The data used here is from the Penobscot Experimental Forest (PEF), a long-term silvicultural experiment based in central Maine. The species are typical of the mixed-species Acadian Forest, an ecotone between the boreal forests to the north and the broadleaf forests to the south. Permanent sample plots are located in several management units (MU) across the forest.

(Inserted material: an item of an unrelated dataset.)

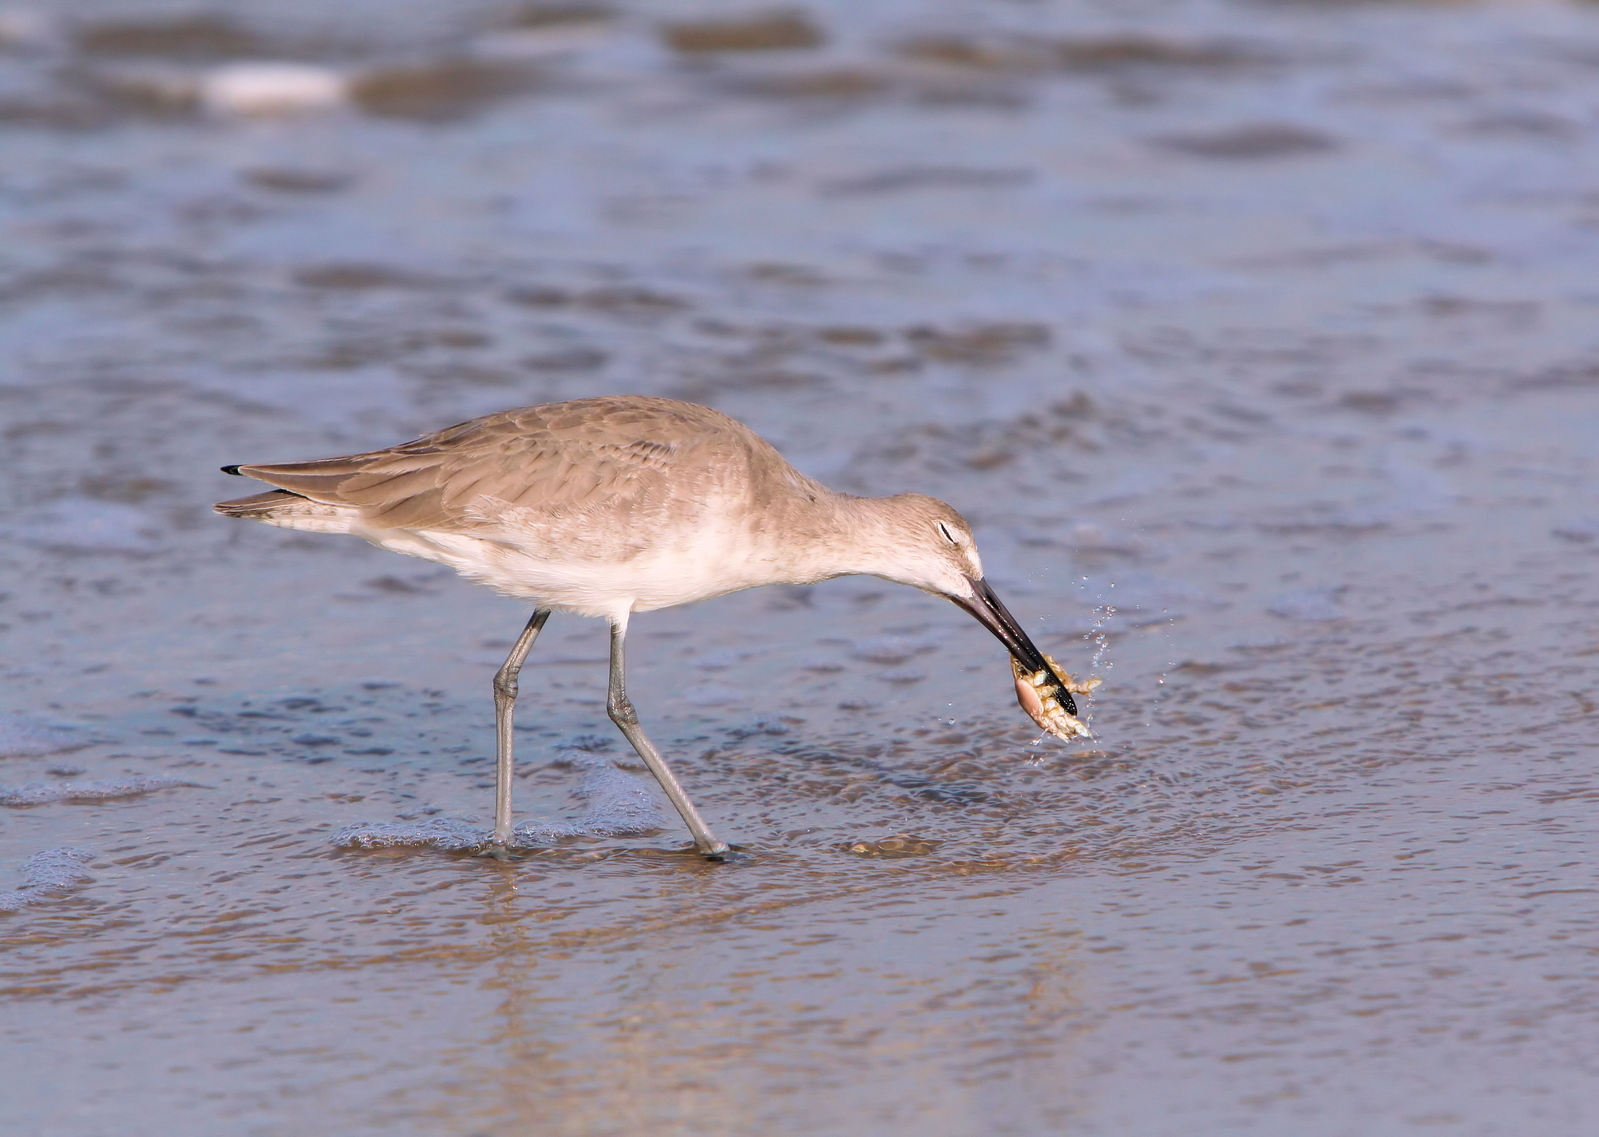 a sand piper picks up food on the beach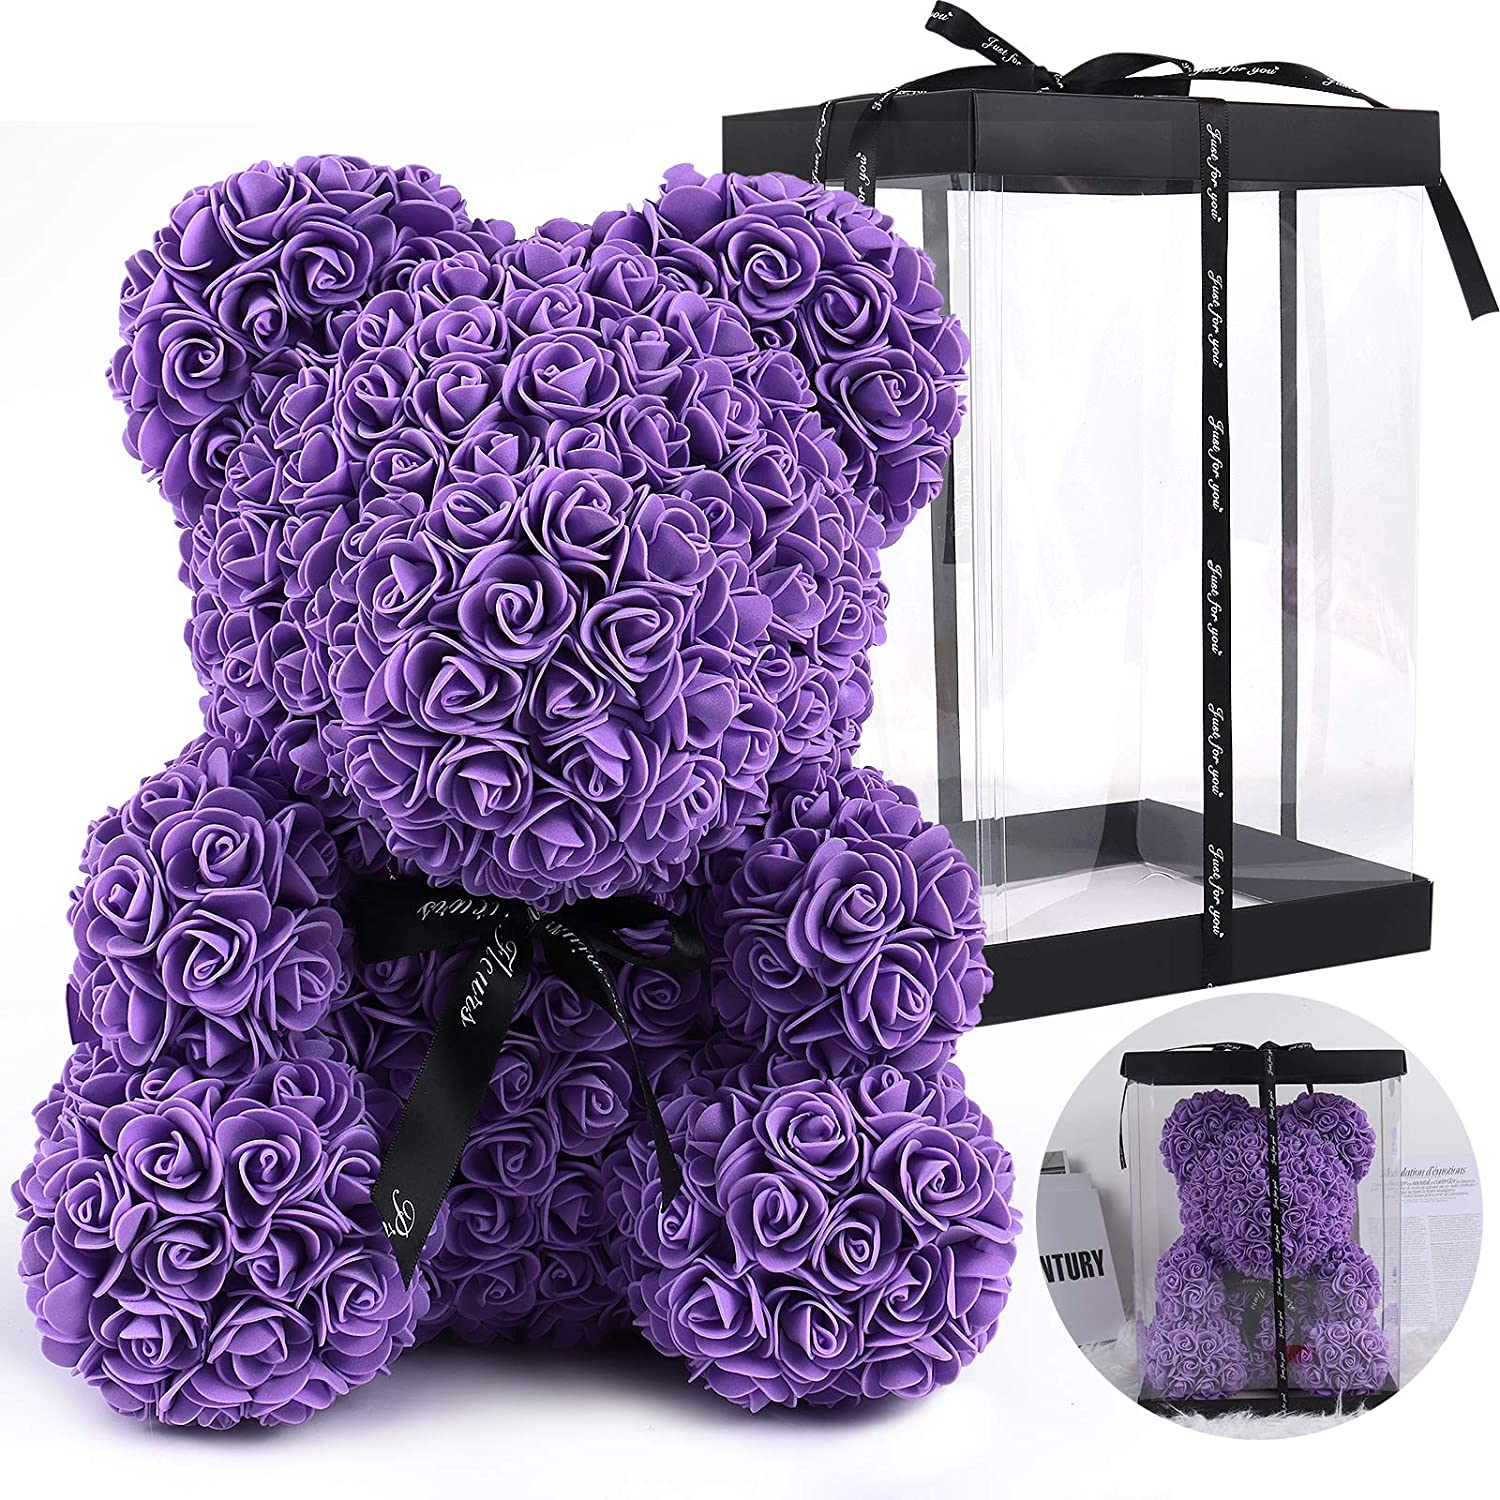 Wholesale Recutms Artificial Rose Bear Flowers Rose Teddy Bear 10 Inch Wedding Party Decoration

There are several remeasurements of permanent sample plots on trees in the PEF database. I use only the most recent measurement from each plot for this analysis. On the PEF, permanent sample plots consist of nested 1/5-, 1/20-, and 1/50-acre circular plots for measuring trees >= 4.5 inches, 2.5 to 4.4 inches, and 0.5 to 2.4 inches in diameter at breast height, respectively. Tree heights are measured on one-third of the plots. (NOTE: I skip some of the data cleaning on this data set in this post, but you can find the raw data and the full code set on GitHub.)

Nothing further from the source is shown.